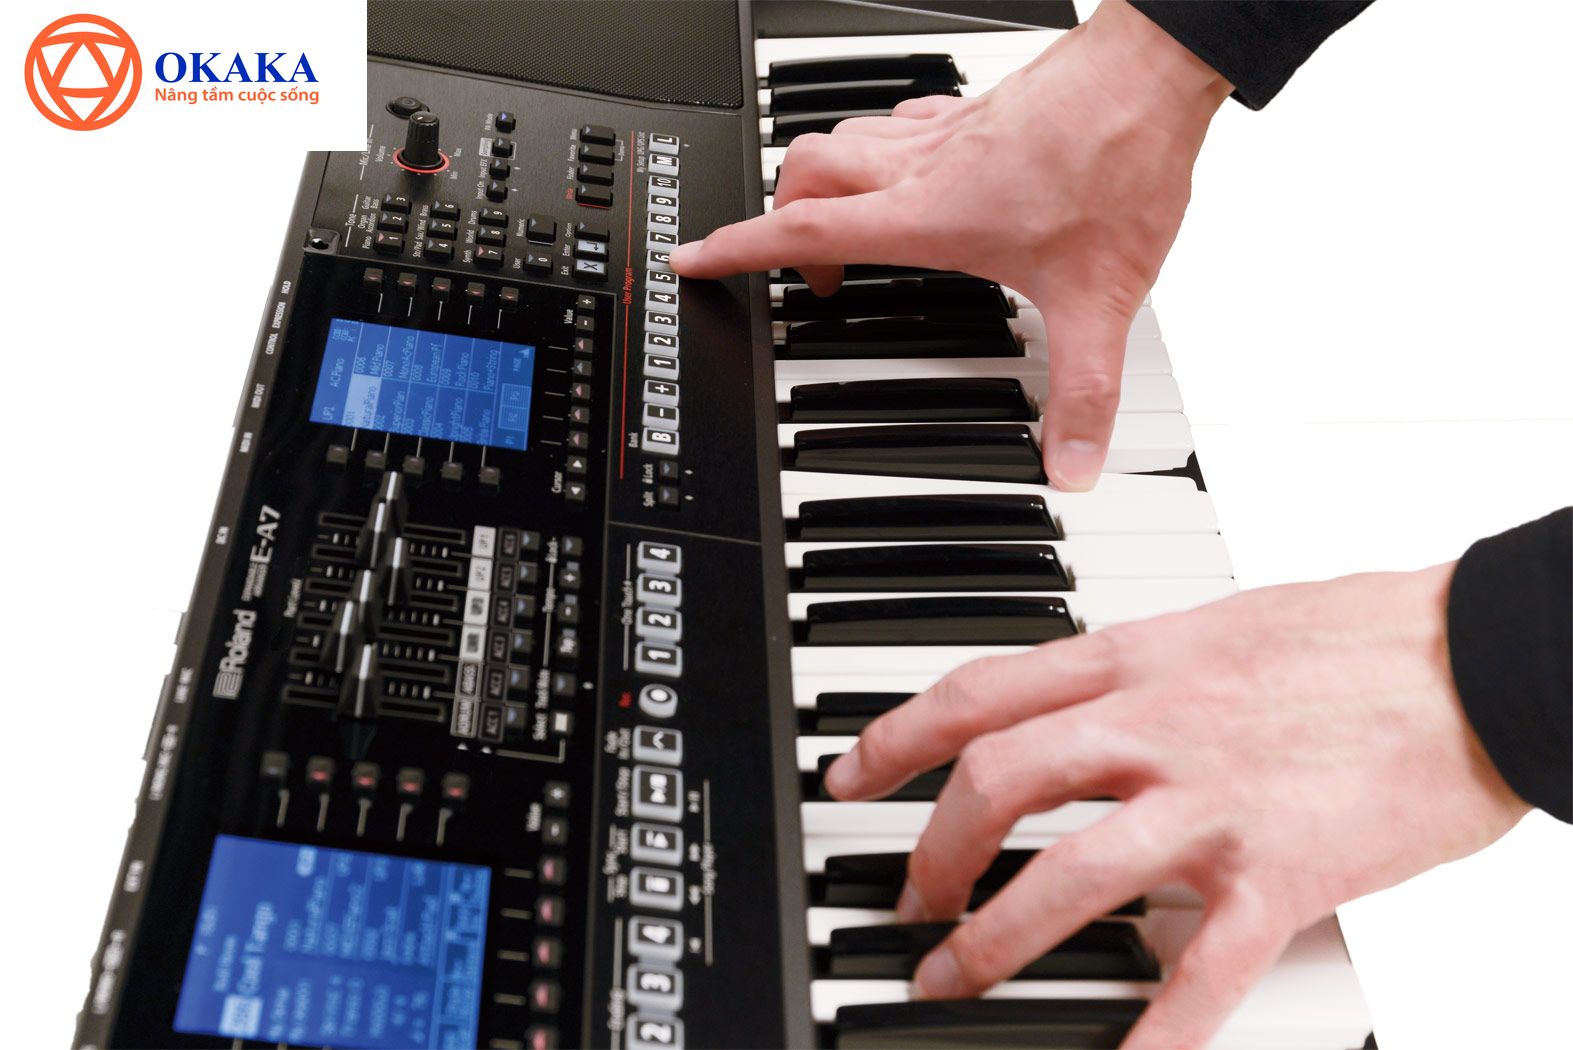 Đàn Organ Roland E-A7, model mới nhất của Roland được rất nhiều nhạc công nổi tiếng thế giới đánh giá cao, rất đáng để bạn cân nhắc.
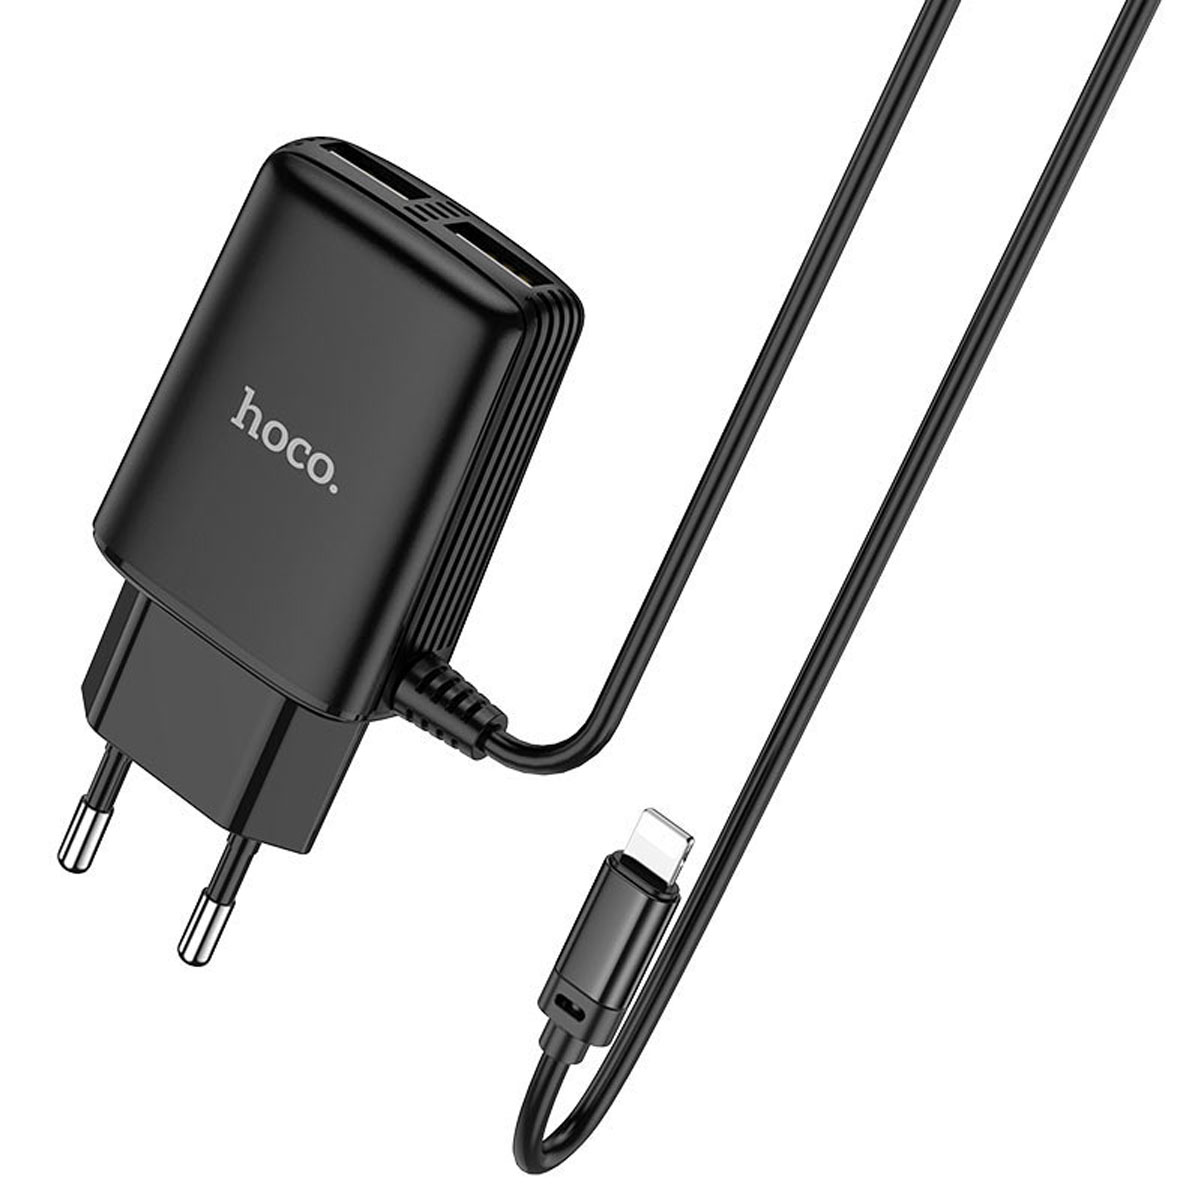 СЗУ (Сетевое зарядное устройство) HOCO C82A Real power со встроенным кабелем Lightning 8 pin, 2.4A, 2 USB, длина 1 метр, цвет черный
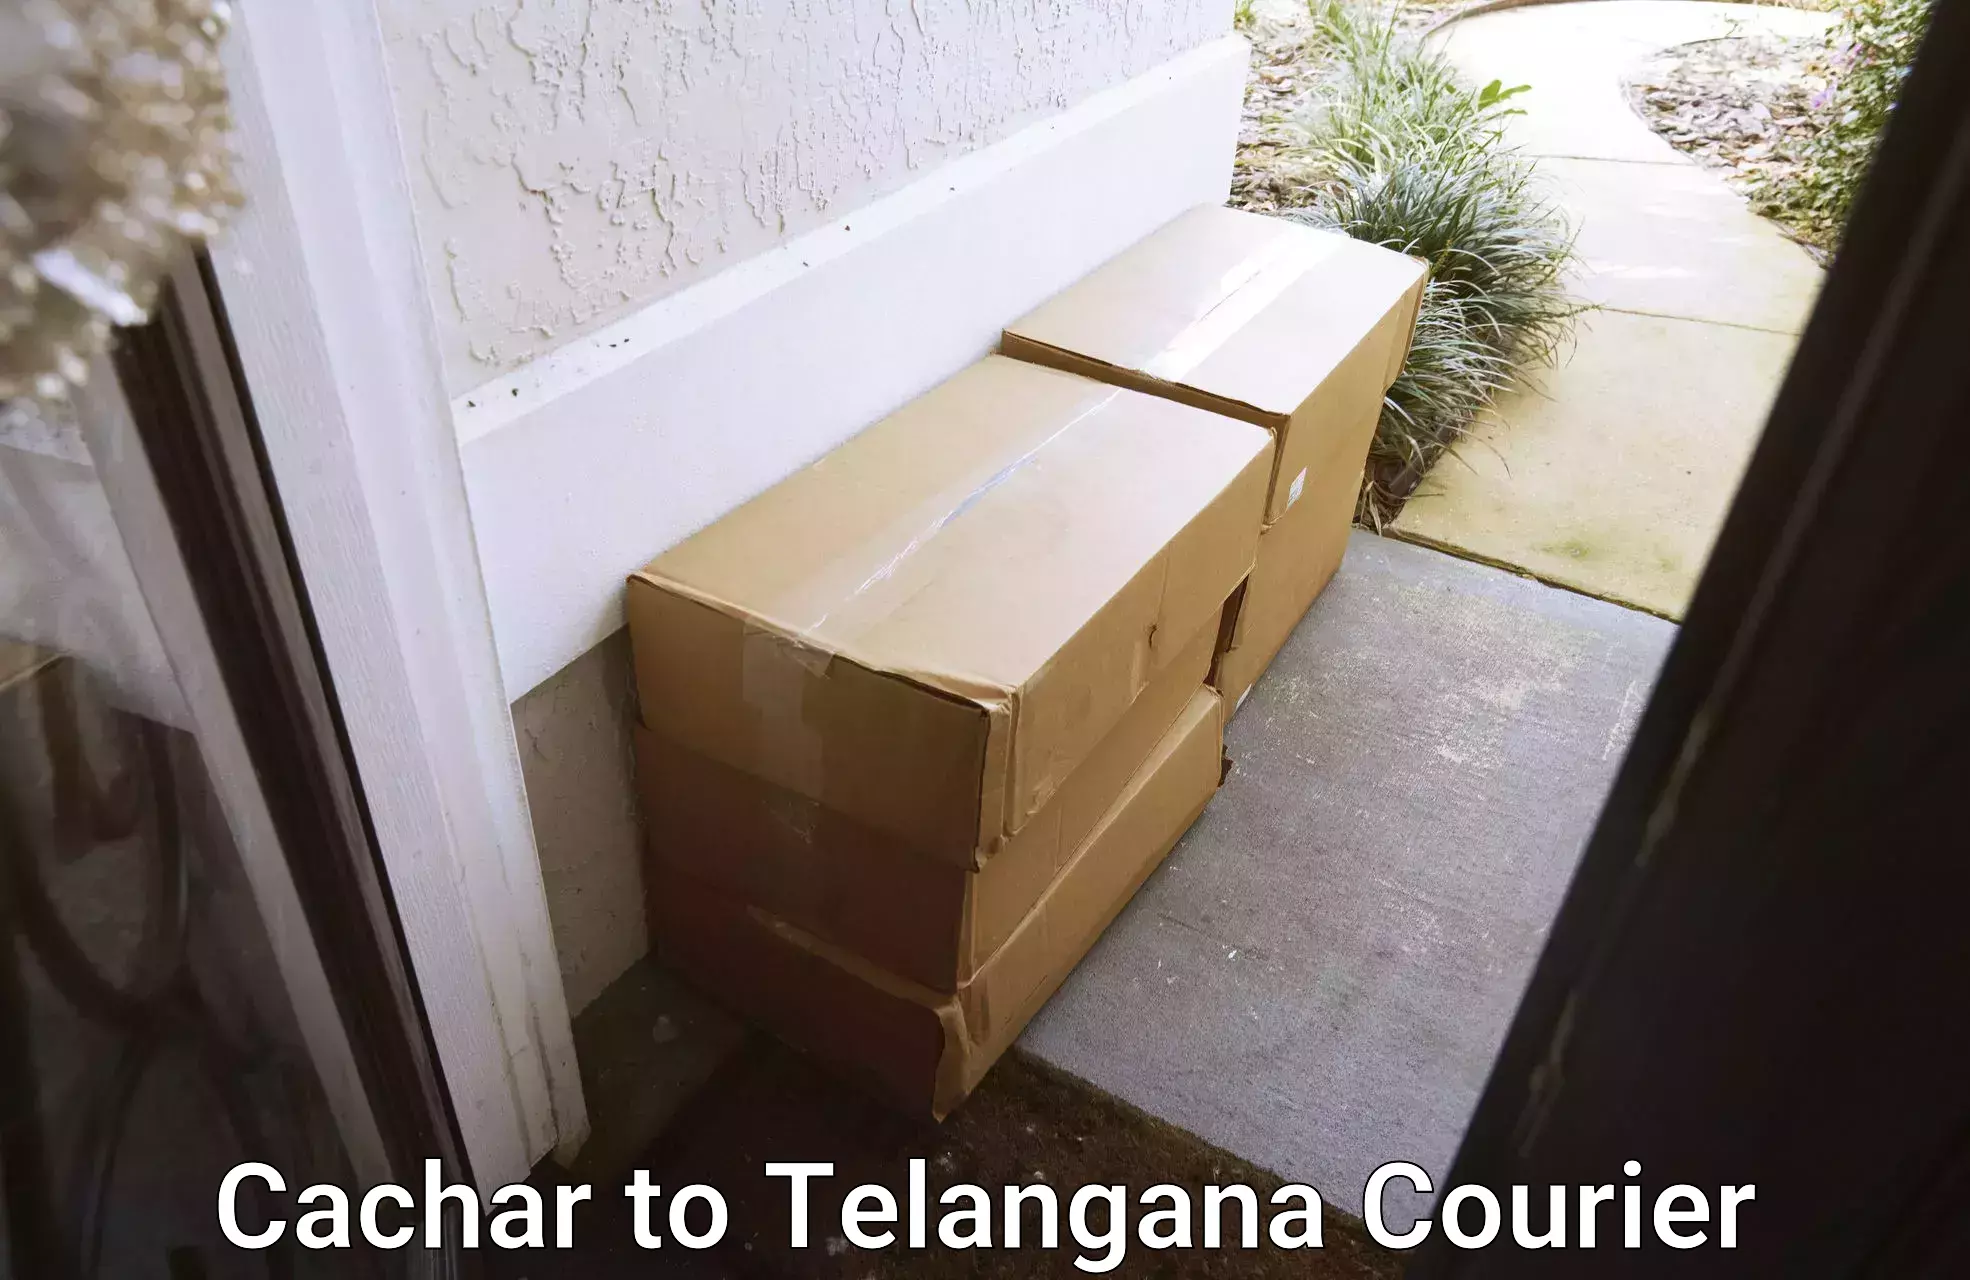 24/7 courier service Cachar to Balanagar

———

- YOUR ASSIGNMENT
Quote the data above in full, leaving out the pictures it holds.

- OUTPUT FOR THIS EXERCISE
 Đàn Organ Roland E-A7, model mới nhất của Roland được rất nhiều nhạc công nổi tiếng thế giới đánh giá cao, rất đáng để bạn cân nhắc.
 СЗУ (Сетевое зарядное устройство) HOCO C82A Real power со встроенным кабелем Lightning 8 pin, 2.4A, 2 USB, длина 1 метр, цвет черный
 24/7 courier service Cachar to Balanagar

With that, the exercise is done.